### DATA EXTRACT
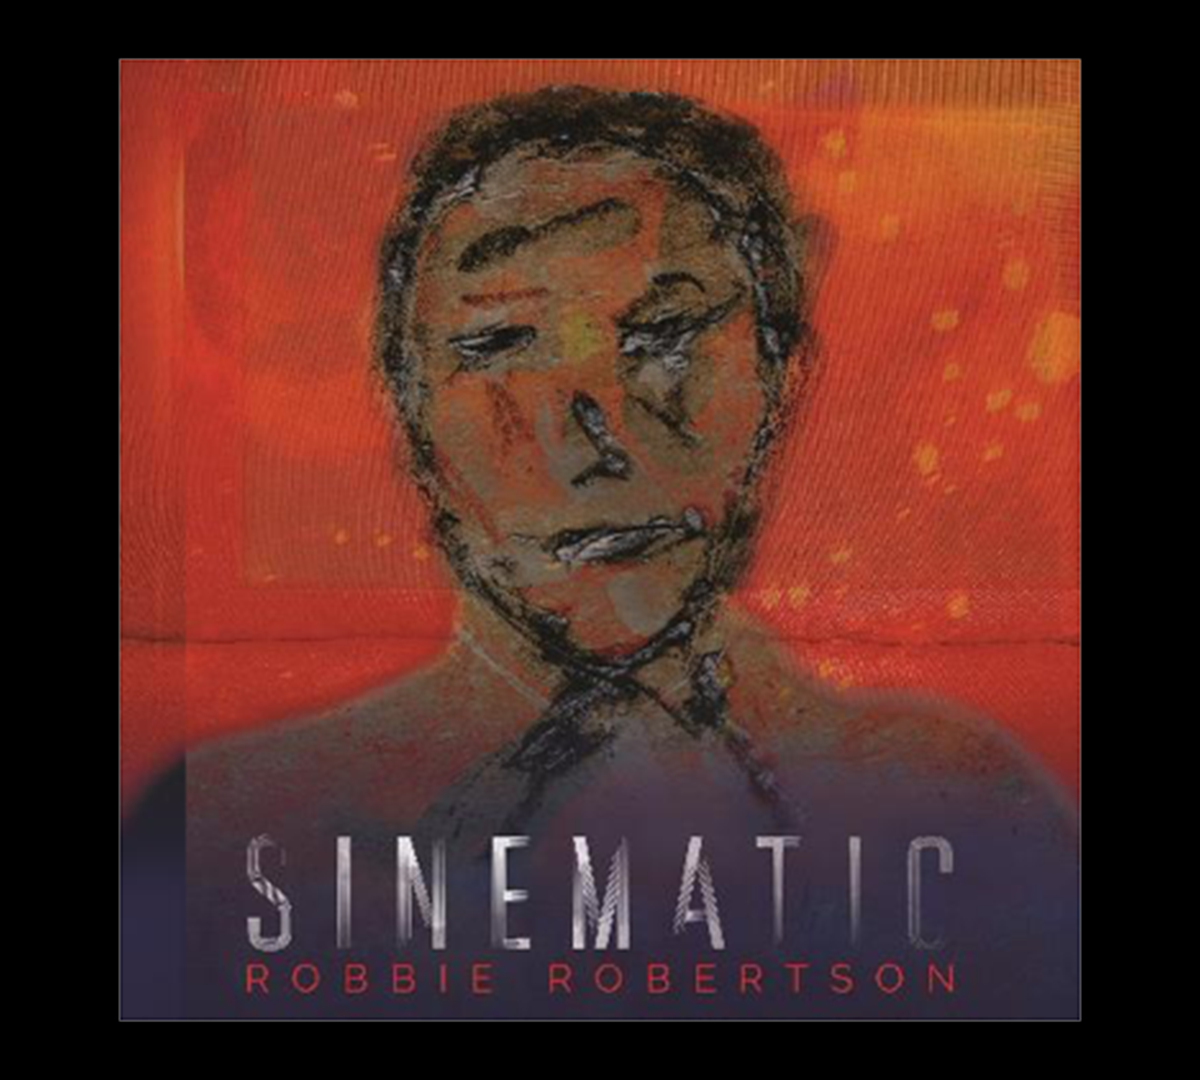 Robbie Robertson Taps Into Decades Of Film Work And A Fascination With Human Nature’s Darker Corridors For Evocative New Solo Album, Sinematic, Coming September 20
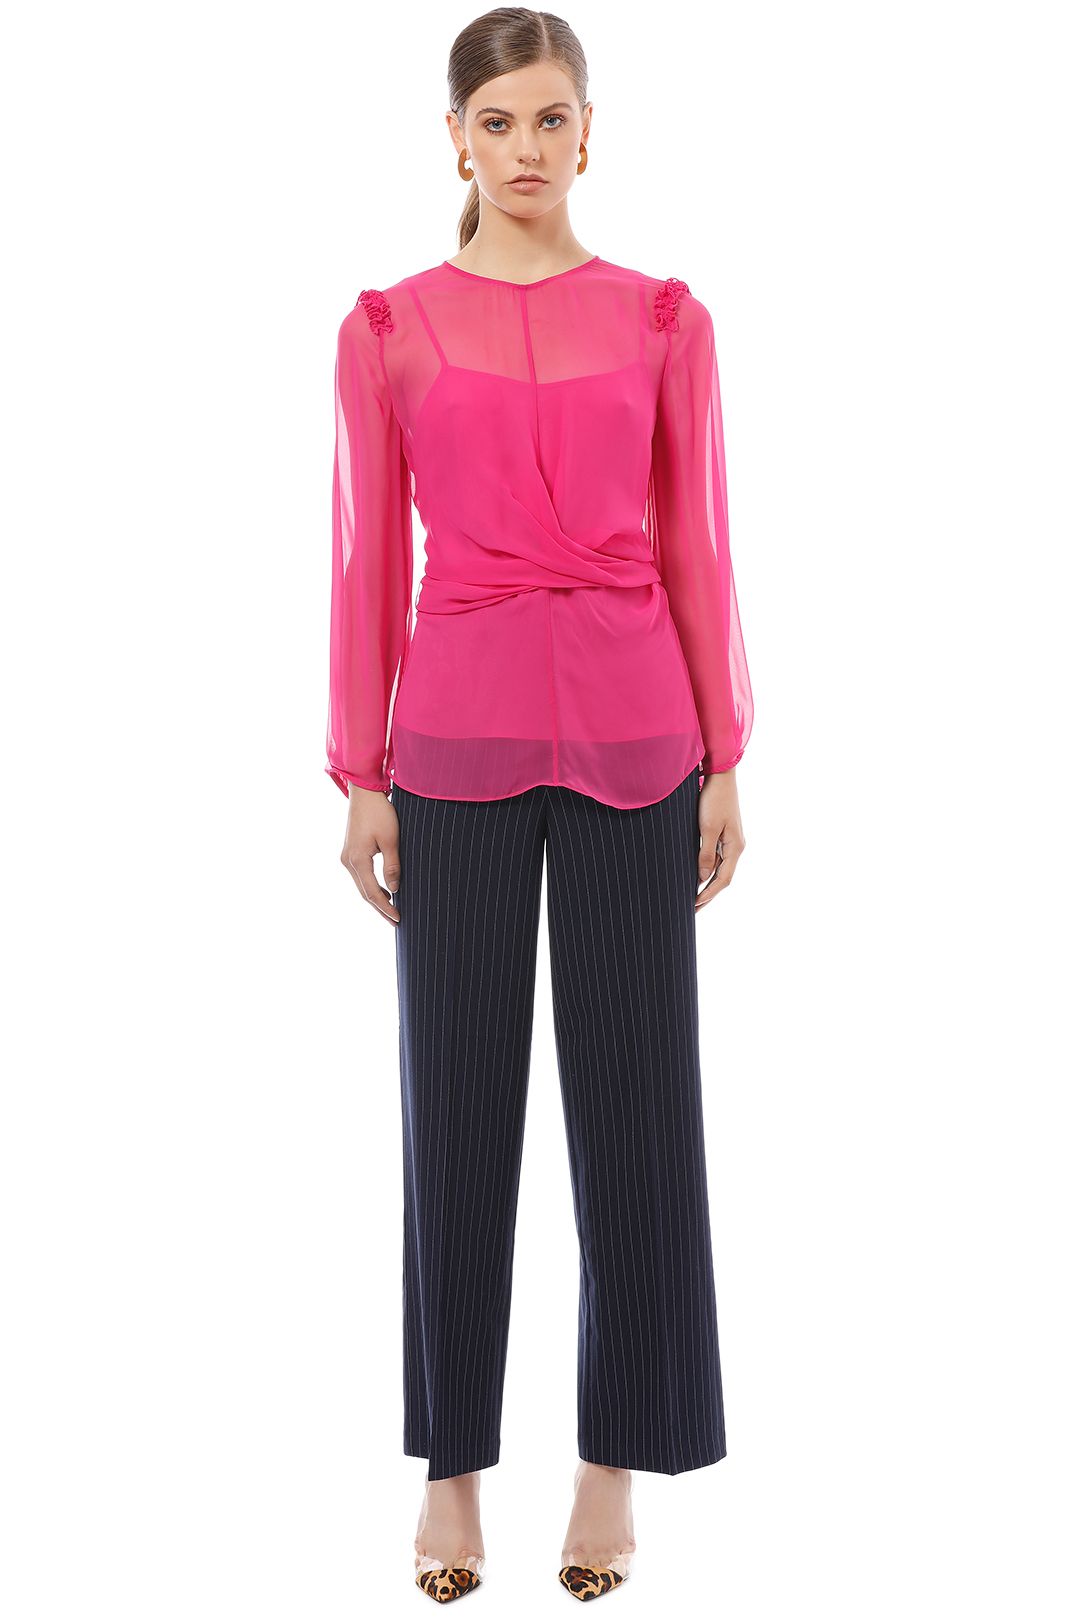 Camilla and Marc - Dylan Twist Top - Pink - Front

---

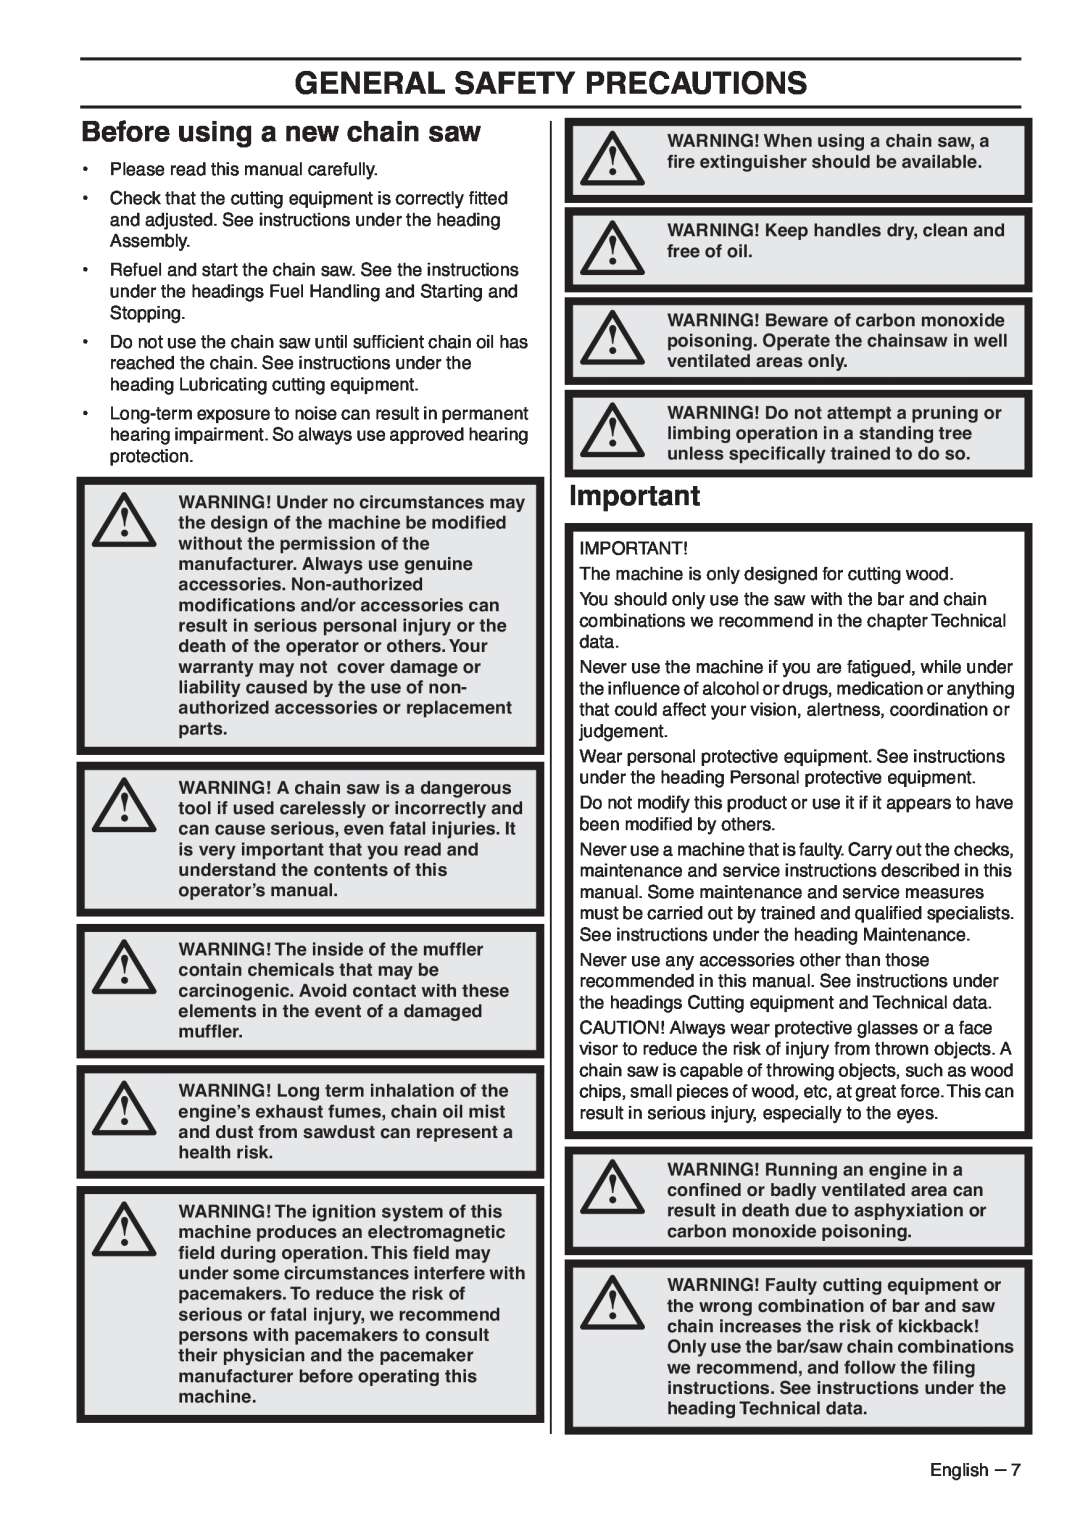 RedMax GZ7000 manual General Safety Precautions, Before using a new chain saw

### AIM OF THE TASK
Repeat the lines above exactly, beginning with the one containing "Robbie Robertson Taps" and finishing with the one containing "Camilla and Marc". No pictures belong in the copy.

### ANSWER TO THE PROBLEM
 Robbie Robertson Taps Into Decades Of Film Work And A Fascination With Human Nature’s Darker Corridors For Evocative New Solo Album, Sinematic, Coming September 20
 Camilla and Marc - Dylan Twist Top - Pink - Front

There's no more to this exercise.